A dock worker applies a constant horizontal force of 80.0N to a block of ice on a smooth horizontal floor. The frictional force is negligible. the block starts from rest and moves 11.0 m in the first 5.00s what is the mass of the block of ice?
Calculate a from
S=ut + at2/2
where
S=11 m
u=0
t=5 s
From F=ma
where
F=80 N
a= as calculated above
you would be able to find m.
F = m a
a = 80/m
v = a t = (80/m) t
d = (1/2) a t^2 = (1/2)(80/m) t^2
11 = (1/2) (80/m) (25)
22 m = 80 * 25
I guess you can take it from there.
ljdc
To find the mass of the block of ice, we can use Newton's second law of motion, which states that the force (F) acting on an object is equal to the mass (m) of the object multiplied by its acceleration (a). In this case, we need to find the mass.

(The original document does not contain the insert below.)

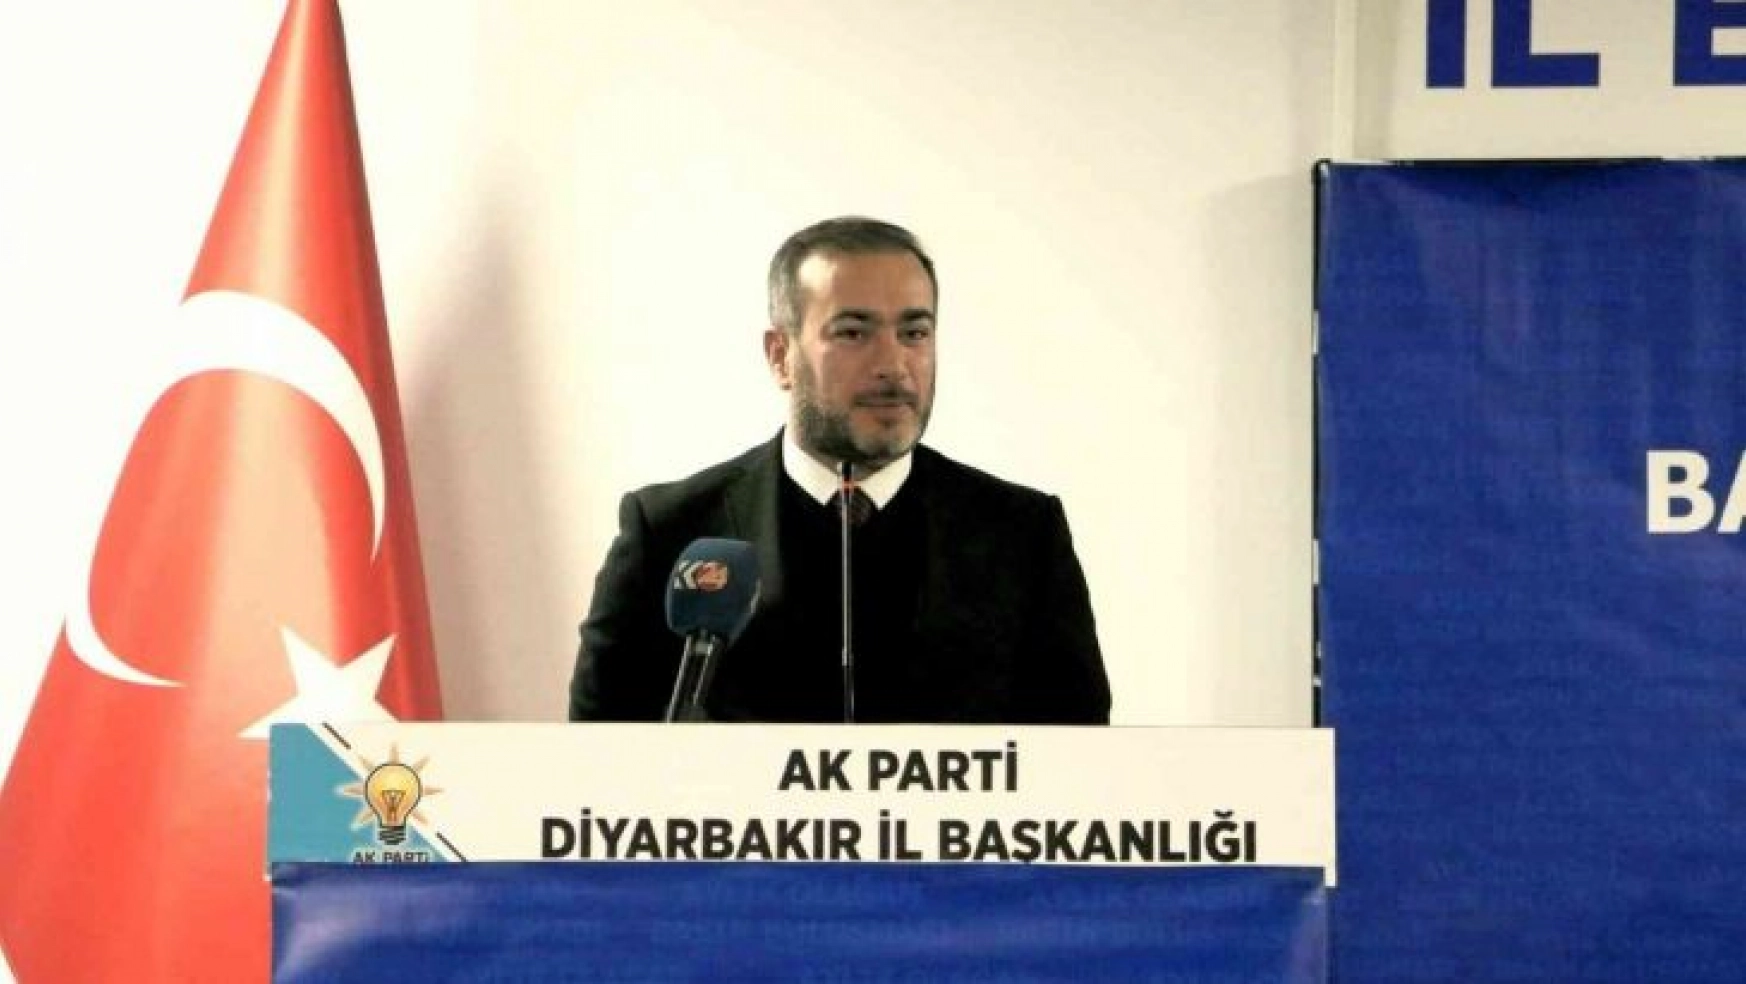 AK Parti İl Başkanı Aydın: 'Kılıçdaroğlu'nun yüreği anneleri ziyaret etmeye yetmez'

We are given the following information:
Force (F) = 80.0 N
Distance (d) = 11.0 m
Time (t) = 5.00 s
First, let's calculate the acceleration of the block using the formula:
a = (final velocity - initial velocity) / time
Since the block starts from rest, the initial velocity is zero. The final velocity can be found using the formula:
v = d / t
Substituting the given values:
v = 11.0 m / 5.00 s = 2.20 m/s
Now we can calculate the acceleration:
a = (2.20 m/s - 0) / 5.00 s = 0.44 m/s^2
Next, we can use the formula Newton's second law formula:
F = m * a
Rearranging the formula, we can solve for mass (m):
m = F / a
Substituting the given values:
m = 80.0 N / 0.44 m/s^2 ≈ 181.82 kg
Therefore, the mass of the block of ice is approximately 181.82 kg.